On top of this, Big River splits focus with its set (designed by Ray Klausen), whose central conceit is a collection of outsize pages from The Adventures of Huckleberry Finn with type so large they can be read from the balcony (some page-panels also open to form puppet-theater-like mini-prosceniums). For the spectator, the invitation to read is irresistible, and pausing to read necessarily means skipping something else happening onstage, or giving it half attention. Gertrude Stein once pejoratively referred to this sort of skipping as "syncopation"--a systematic delay in apprehending certain aspects of a performance, particularly the flow of emotions--but in this case the syncopation feels apropos. Presumably, a hearing-impaired person always experiences delays or syncopations when watching a drama, signed or unsigned. Thus I wondered whether this production's enticement to read might possibly be a crafty attempt to equalize experience among the public, and perhaps generate mutual empathy.

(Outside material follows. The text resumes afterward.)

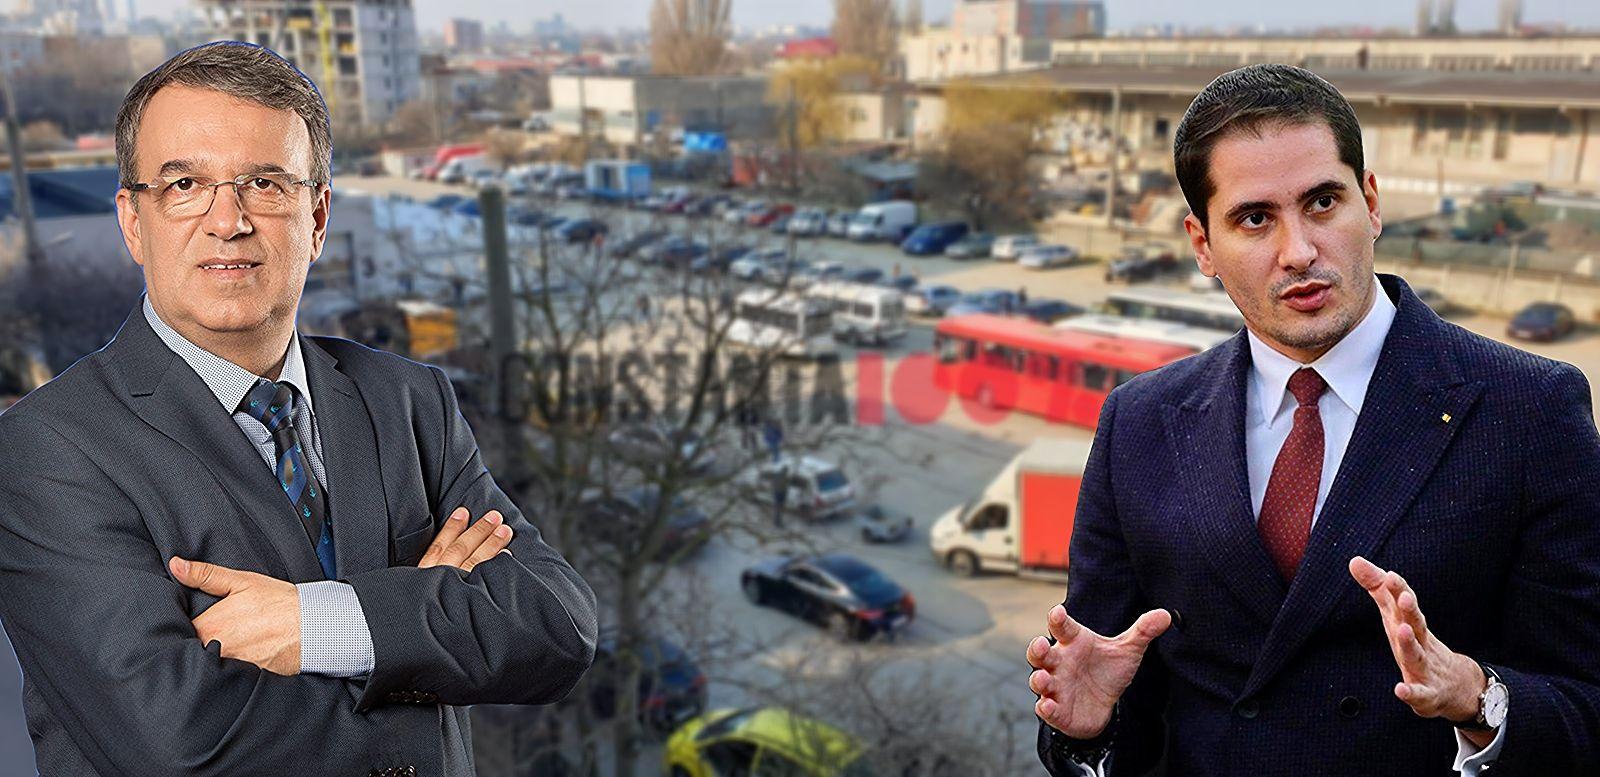 Primarul Vegil Chițac și fostul viceprimar Costin Răsăuțeanu își aduc acuzații, hotărârile sunt nelegale, problemele constănțenilor persistă

None of these ends or means is revolutionary, of course. Split focus isn't necessarily even progressive in itself (think of its numbingly spectacular use in rock concerts and political conventions). That two Broadway musicals opening within a week of one another embraced it so thoroughly and complexly, however, certainly is worth a moment's pause. No triumph of complexity to be sure, but perhaps a harbinger, an opening gambit, or just a fresh breeze.